= Work to be completed =
Exact copies of all the lines below are required, with the pictures omitted.

= Collected material =
_ _ _ _ _
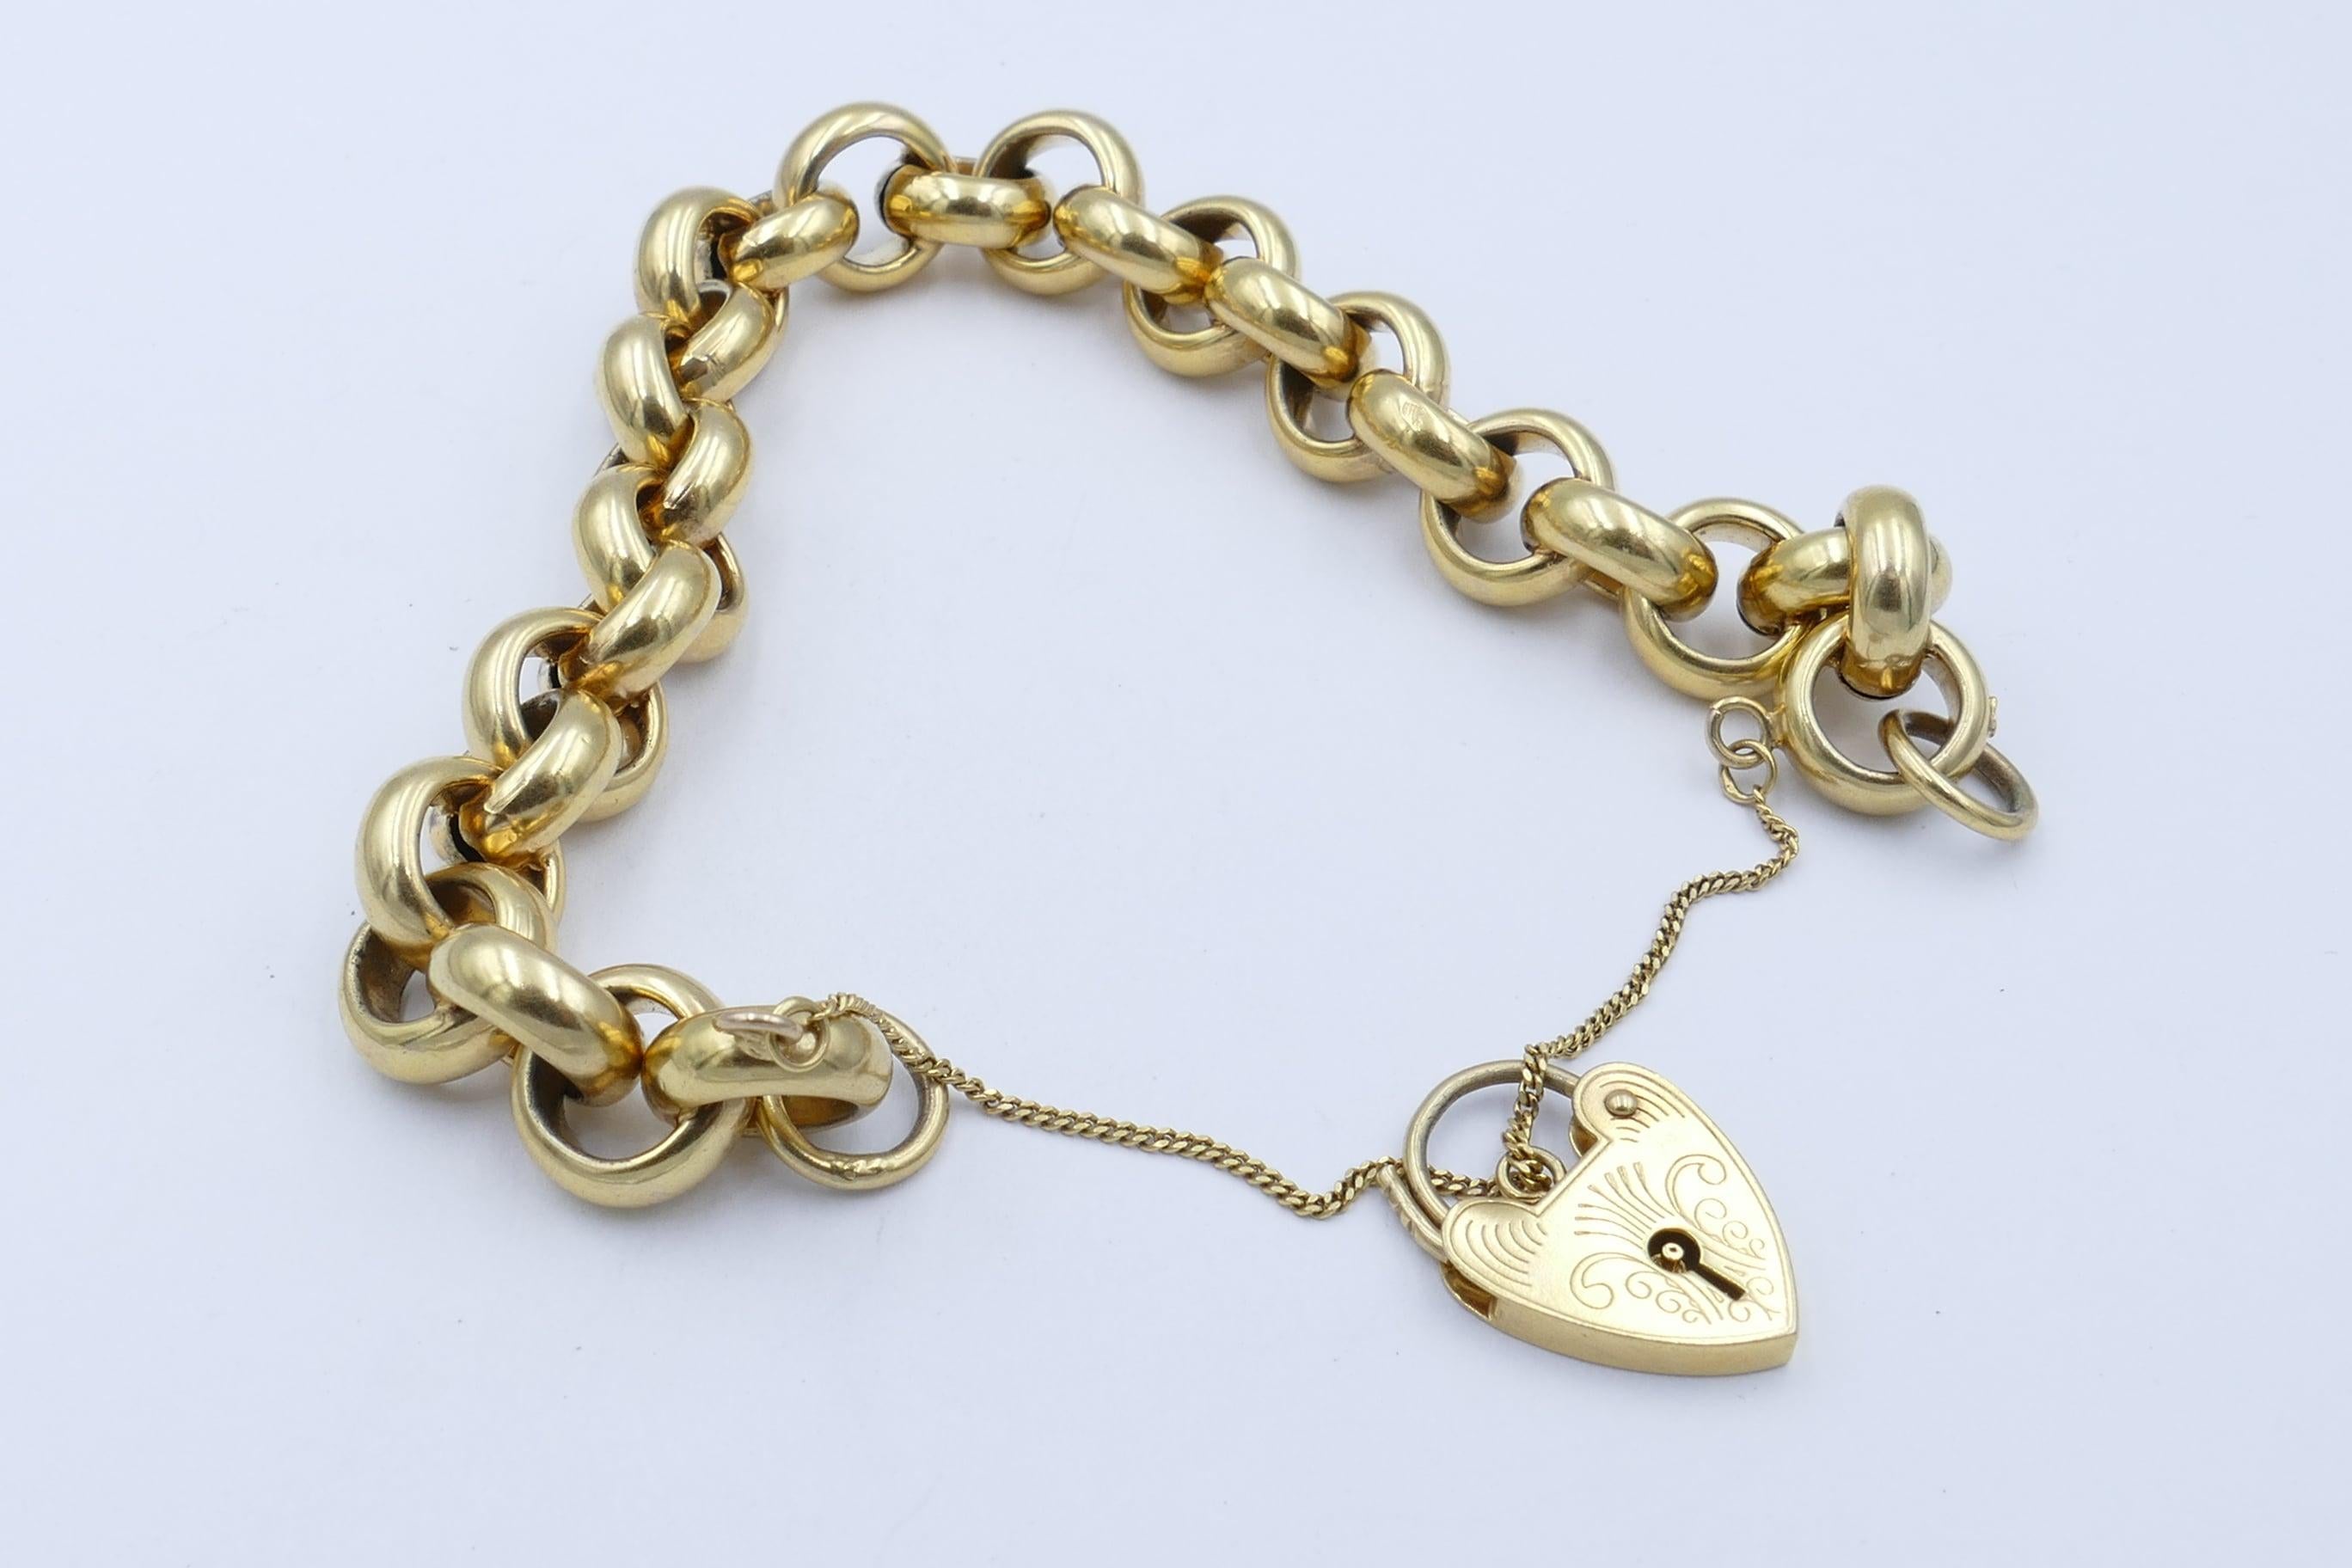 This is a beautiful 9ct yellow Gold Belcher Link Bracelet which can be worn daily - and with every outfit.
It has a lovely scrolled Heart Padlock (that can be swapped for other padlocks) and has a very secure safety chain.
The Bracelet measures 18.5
_ _ _ _ _
= Answer section =
 This is a beautiful 9ct yellow Gold Belcher Link Bracelet which can be worn daily - and with every outfit.
It has a lovely scrolled Heart Padlock (that can be swapped for other padlocks) and has a very secure safety chain.
The Bracelet measures 18.5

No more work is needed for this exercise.